- Try it
In the entries below, find the line containing "UNO NEW YORK" and the line containing "Poste quickfix de". Copy those two lines and everything between them exactly, and only that.

BEGIN Information

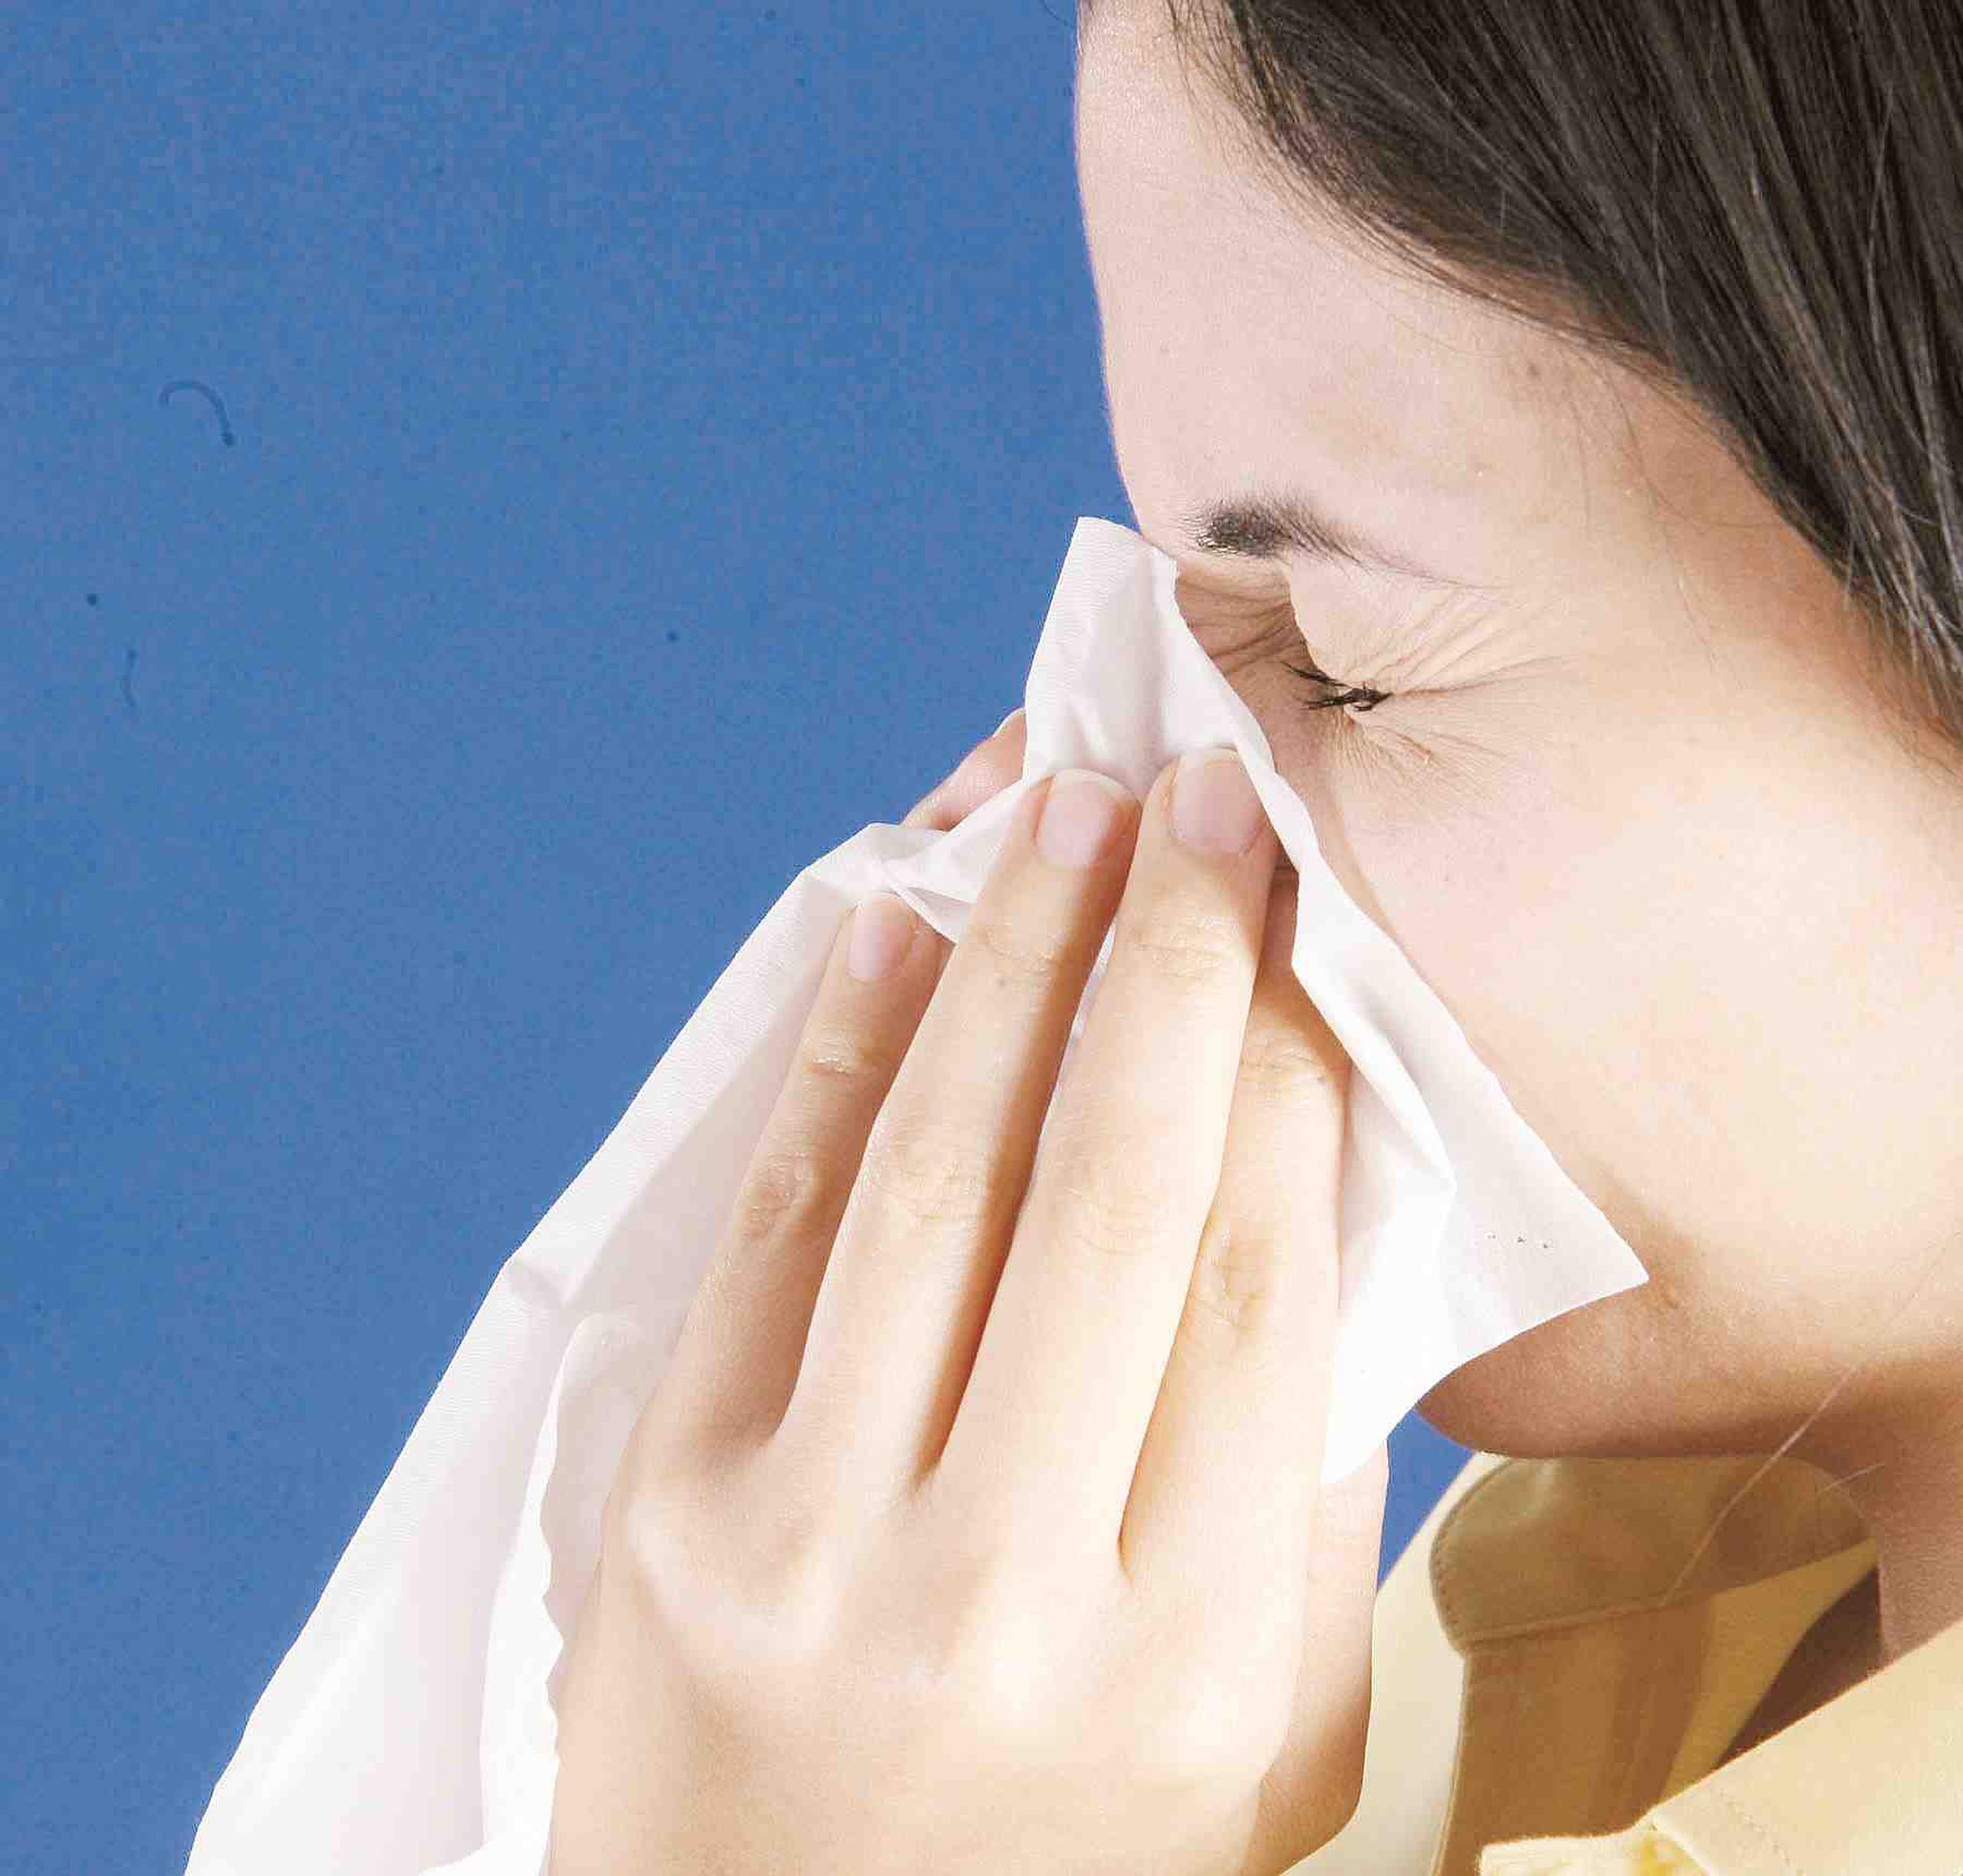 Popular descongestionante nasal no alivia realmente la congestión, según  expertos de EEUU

END Information
BEGIN Information

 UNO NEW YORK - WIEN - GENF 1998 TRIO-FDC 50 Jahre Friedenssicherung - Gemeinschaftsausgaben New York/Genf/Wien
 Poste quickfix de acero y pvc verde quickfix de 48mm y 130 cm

END Information

- Response for this exercise
 UNO NEW YORK - WIEN - GENF 1998 TRIO-FDC 50 Jahre Friedenssicherung - Gemeinschaftsausgaben New York/Genf/Wien
 Poste quickfix de acero y pvc verde quickfix de 48mm y 130 cm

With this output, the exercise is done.